[Math] Need function for 2D sigmoid-shaped monotonic Surface

functionssurfaces

I am looking for a 2D function, $f(x, y)$ which increases monotonically over the range $(0,0)$ to $(1,1)$. In other words, it will be $0$ at $(0,0)$ and $1$ at $(1,1)$. It will also evaluate to $0$ whenever $x = 0$ or $y = 0$. It's monotonic in the sense that the value at $(0.5,0.6)$ will be greater than at $(0.5, 0.5)$. The closest guess that I have to the function that I am looking for is:

Plot3D[1/((1+e^(-x*y))),{x,0,1},{y,0,1}]

But I would also like to be able to "bias" or make the function rise faster with $x$ relative to $y$ or vice-versa. Ideally, I would like to specify the surface with 2 variables. One that controls / scales how $f(x,y)$ rises relative to $x$, and another that controls / scales how $f(x,y)$ rises relative to $y$.

Edit:

I am looking for a sigmoid-shaped curve. The function does not need to be exactly equal to 1 at $z(1,1)$. However, $z(1,1)$ needs to be higher than any other $z(x,y)$ across the space $x[0:1], y[0:1]$. A closer function than the one above is:

$$z=1/\left(1+e^{-(x^a*y^b)}\right),$$

where $a$ and $b$ are used to "bias" or change the slope of the curve with respect to $x$ vs. $y$. However, that curve is close to 1 at $z(2,2)$ instead of $z(1,1)$. So $x$ and $y$ need to be scaled. Those scaling factors will be a function of $a$ and $b$. They cannot be computed directly since the exponent needs to be 0 to satisfy the equation exactly.
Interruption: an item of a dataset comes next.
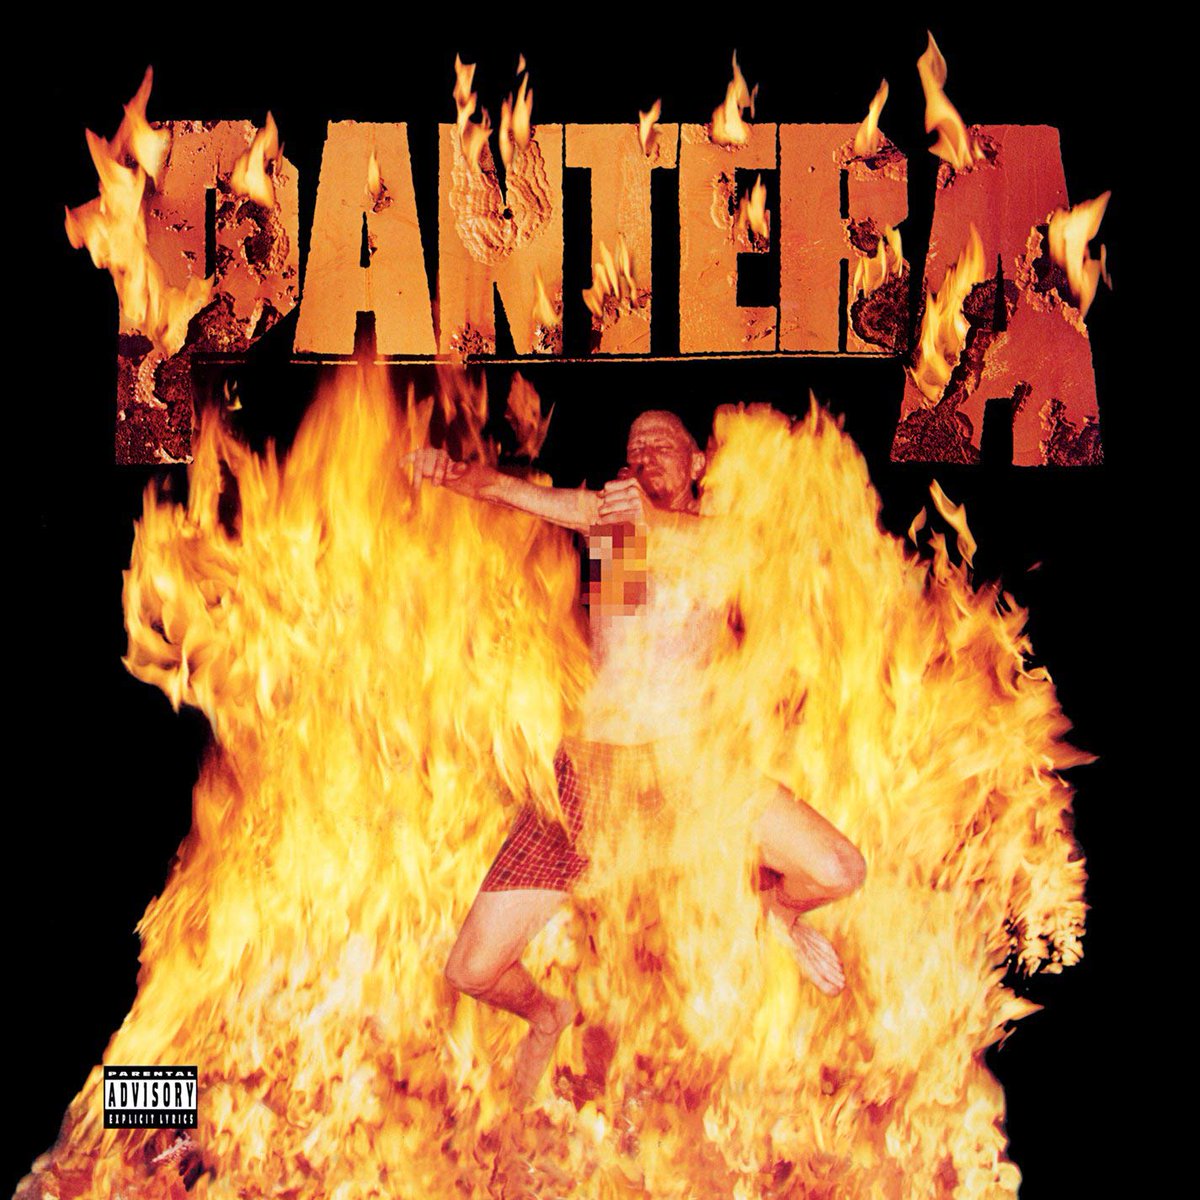 Share an album cover with flames on it. Pantera: Reinventing the Steel

However, if the exponent evaluates to a sufficiently small number, such as $0.01$, that should be close enough for my purposes.

Best Answer

Here's a simple example: $f(x,y)=xy$. You can change the powers of $x$ and $y$ to 'bias' one of $x$ or $y$.

Here's another function that is "sigmoid-shaped" and is close to your required values, as per your comments:

$$f(x,y)=\left( \frac{1}{1+e^{-100x+50}}\right)\left( \frac{1}{1+e^{-100y+50}}\right)$$

This is approximately $0$ at $(0,0)$ and $1$ and $(1,1)$, and is sigmoid-shaped in the sense that when either $x=1$ or $y=1$ the resulting slice of the 3D-plot is a sigmoid, as seen here:

enter image description here

Theoretically, you could also make this exactly equal to $1$ at $(1,1)$ and $0$ at $(0,0)$ by multiplying by a constant and changing the values of $50$ in the exponents appropriately to ensure that the function went through the points $(0,0,0)$ and $(1,1,1)$.